John Longden, who played the scheming No.1 (and also wrote the film’s screenplay) had a long career in film (including five early Hitchcocks – he was Anny Ondre’s detective boyfriend in Blackmail (1929) and latterly television before his death in 1971.  And as for Hilda Moore (Lady King) much more might have been expected of her with a move in 1929 to Hollywood but having contracted blood poisoning from her infant son she died the same year before completion of her first American film.  

As for Maurice Elvey himself (image, right), he was to make a seamless transition to sound films, continuing to direct until the late 1950s.  But his subsequent films were never to achieve the same level of quality that they did in the silent era.  As one writer pointed out, “Elvey died in 1967, at the age of 79, remembered, if at all, as a journeyman who turned out low-budget quickies that defined the mediocrity of the British film industry.  In 1927, at least, he was in its vanguard.” 

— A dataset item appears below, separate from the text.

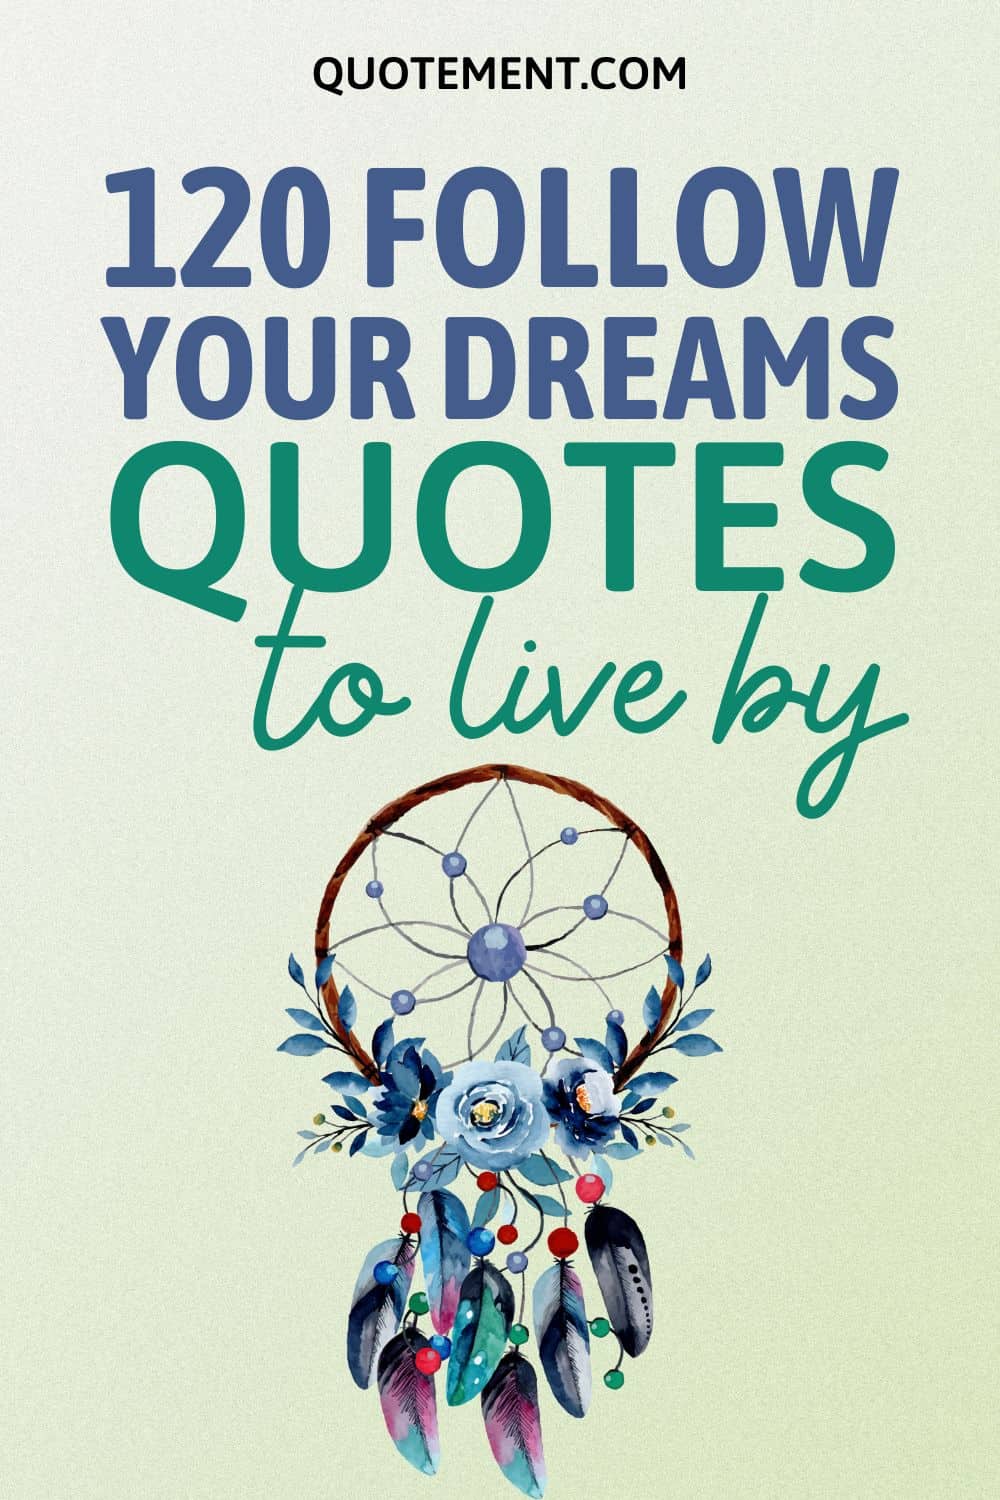 120 Follow Your Dreams Quotes To Keep You On The Track
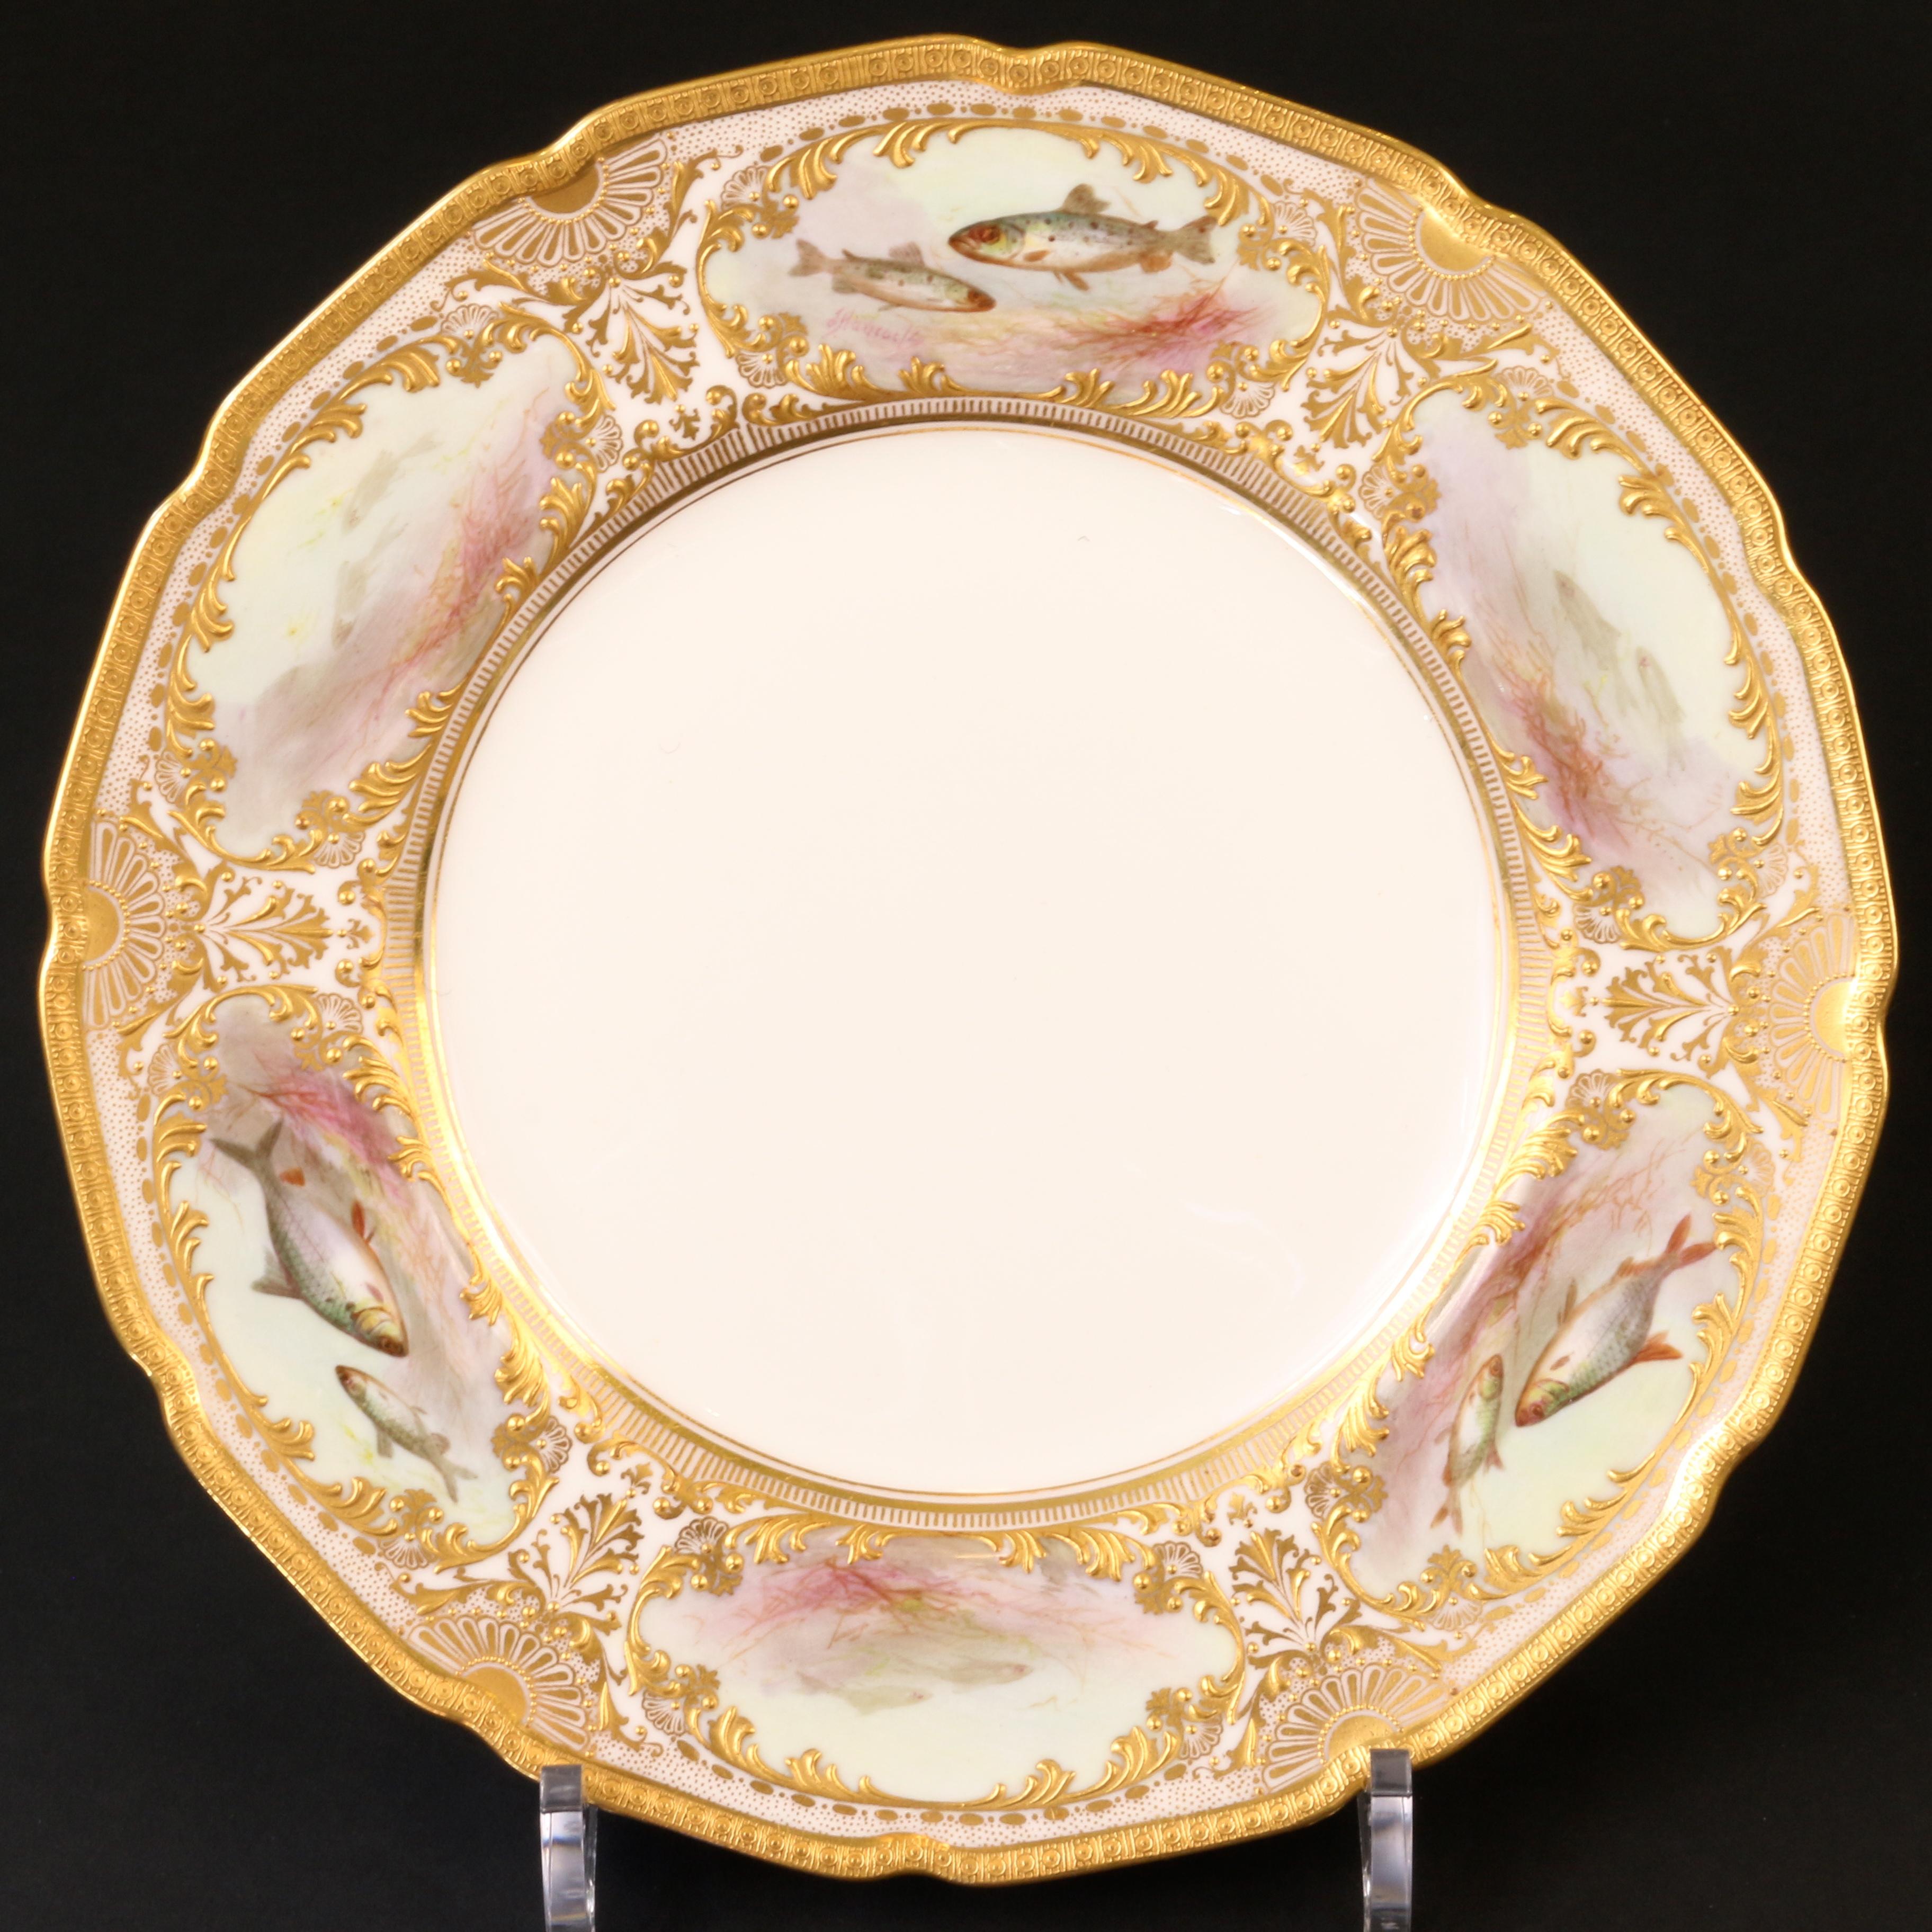 12 Royal Doulton Hand Painted and Heavily Gilded Fish Plates For Sale 7

So how does Palais de Danse compare, both in terms of Elvey’s other output and in comparison to European and American films of the era.  Well, its certainly no Hindle Wakes.  That was a film tackling serious issues in a serious way.  There was no happy ending tacked on.  But it was also a better directed film, with not a wasted shot let alone scene.  In contrast, the direction in Palais de Danse was much looser, the acting more theatrical and the film less realistic.  However, that’s not to say it was a poor film.  It could certainly hold a candle to much of Hollywood’s output of the time in terms of direction, performances, plotting and production values and would certainly support Dr Dutton’s introductory challenge that British cinema of this era was indeed capable of matching the quality of films produced elsewhere in Europe or America.  

Live piano accompaniment for the film came from Costas Fotopoulos who faced the daunting challenge of matching the constant changes of pace from a variety of dance hall rhythms not to mention the gradually unfolding melodrama and comedy interludes but he nevertheless coped admirably.

There is no sign of Palais de Danse being available either on disc or on-line.